We’re paying special prosecutor Robert Mueller to investigate Russian interference in the 2016 election, but now it’s clear he’s on an out-of-control ego trip that won’t stop until he reaches President Donald Trump.
Mueller was hired — with our tax dollars — to find out whether there was collusion between Russia and the Trump campaign, yet his first indictments were all about Ukraine.
No Trump campaign.
They were all conspicuously missing from the indictments of former Trump campaign manager Paul Manafort and sidekick Rick Gates.
That’s a strange way to kick off your long-running criminal probe. You’d think Mueller would lead with his strongest stuff, but clearly he doesn’t have it yet.
Mueller, in fact, took over — let’s say bigfooted — a previous investigation that was already underway into Manafort’s secret work for the Ukraine government. The FBI was onto Manafort before the election.
So why the need for a special prosecutor?
Because Mueller badly needed to snag a big fish in his first batch of indictments. And he got one. There’s no doubt the charges against Manafort and Gates are serious, and they could go to prison for a long time.

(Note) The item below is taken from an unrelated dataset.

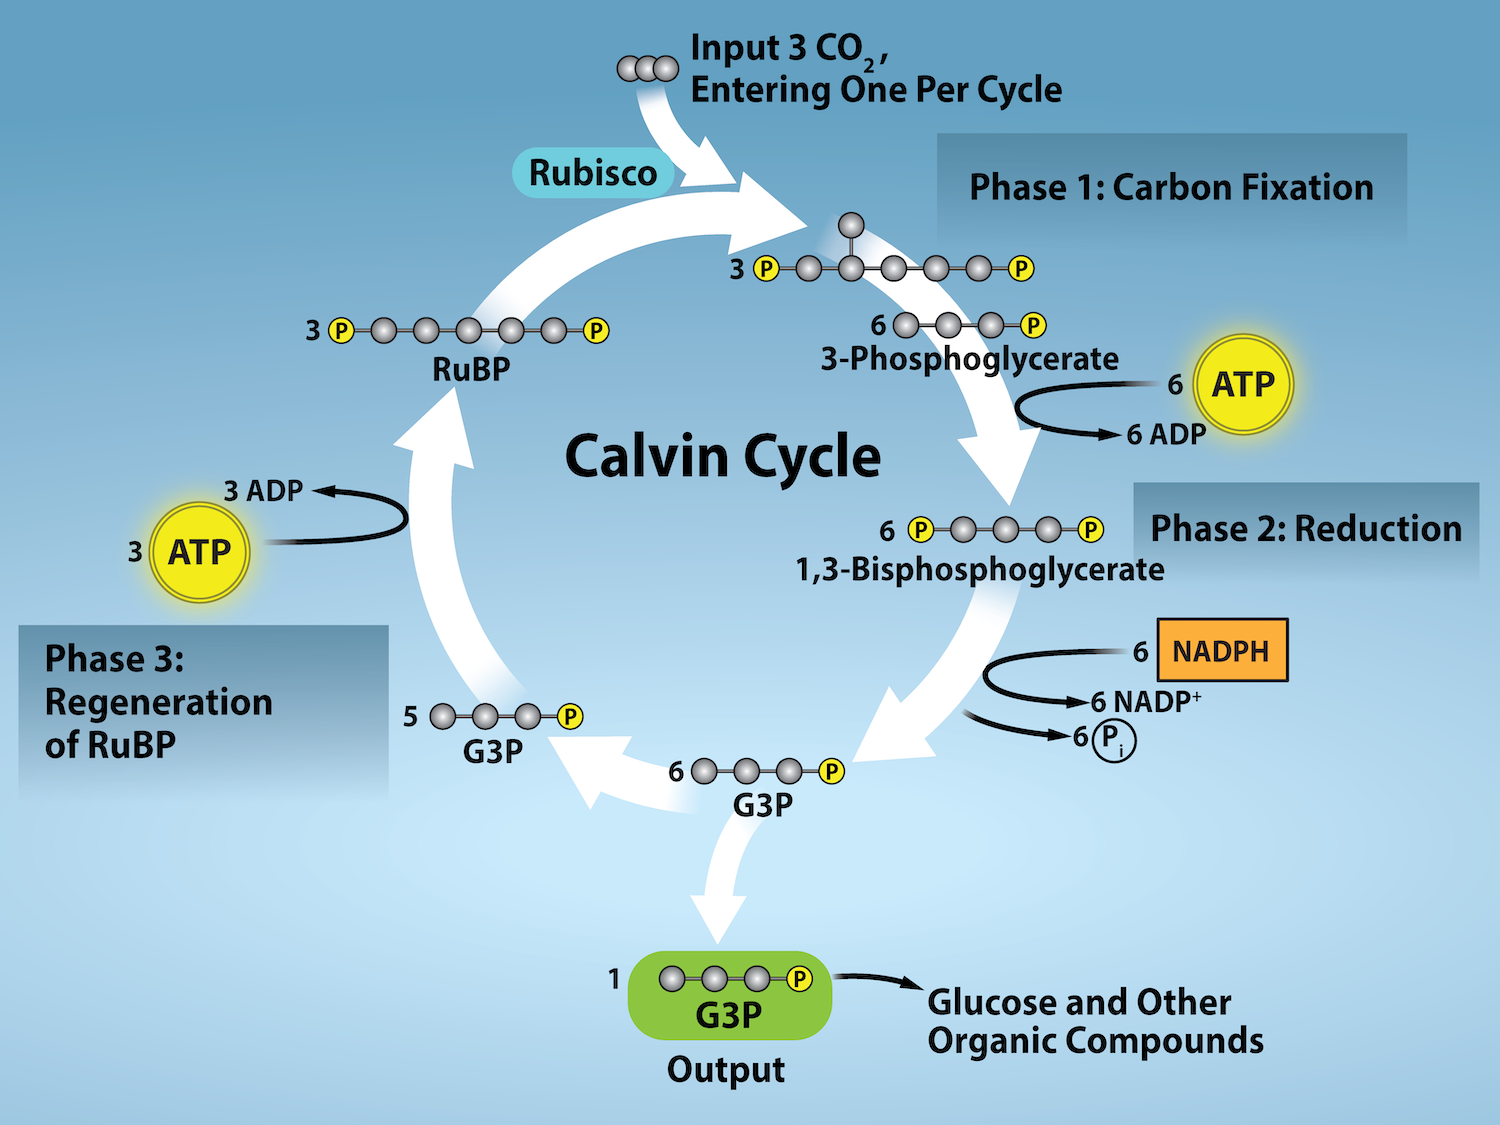 A diagram of the Calvin cycle is shown with its three stages: carbon fixation, 3 dash P G A reduction, and regeneration of upper case R lower case u upper case B upper case P. In stage 1, the enzyme upper R lower u upper B lower i lower s upper C upper O adds a carbon dioxide to the five-carbon molecule upper R lower u upper B upper P, producing two three-carbon 3 dash PGA molecules. In stage 2, two N A D P H and two A T P are used to reduce 3 dash PGA to G A 3 P. In stage 3 upper R lower u upper B upper P is regenerated from G A 3 P. One A T P is used in the process. Three complete cycles produces one new G A 3 P, which is shunted out of the cycle and made into glucose, whose moledular formula is upper C subscript 6 baseline upper H subscript 12 baseline upper O subscript 6 baseline.

And Mueller conveniently announced a guilty plea against a former Trump campaign lackey who lied to the FBI about a meeting with a Russian professor. That plea was reached earlier this month, but Mueller unsealed it yesterday — obviously to show he’s still doggedly pursuing the collusion conspiracy.
The details in that deal offer tantalizing hints of collusion — but not actual collusion. Just like we’ve been hearing about for months.
Mueller also let the panting media know that the indictments yesterday were the beginning, not the end, of his expanding investigation.
So all you Democrats still waiting for indictments related to Russia, don’t worry. They’re coming. Even if it takes Mueller many more months to finish.
And don’t forget that Mueller is also investigating possible obstruction of justice related to the firing of FBI director James Comey. And that may be the most serious threat to Trump.
In the meantime, the special prosecutor seems bent on taking down any Trump adviser or relative he can find, even if it has nothing to do with a Russian conspiracy. He’ll happily take tax evasion instead.
And the U.S. taxpayers are footing an ever-expanding bill — millions of dollars — to fund this aggressive investigation. No one knows when it will stop.
But Mueller at some point has to produce more than just the hide of a sleazy Washington lobbyist and the Ukraine government to justify his job. And he needs to do it quickly.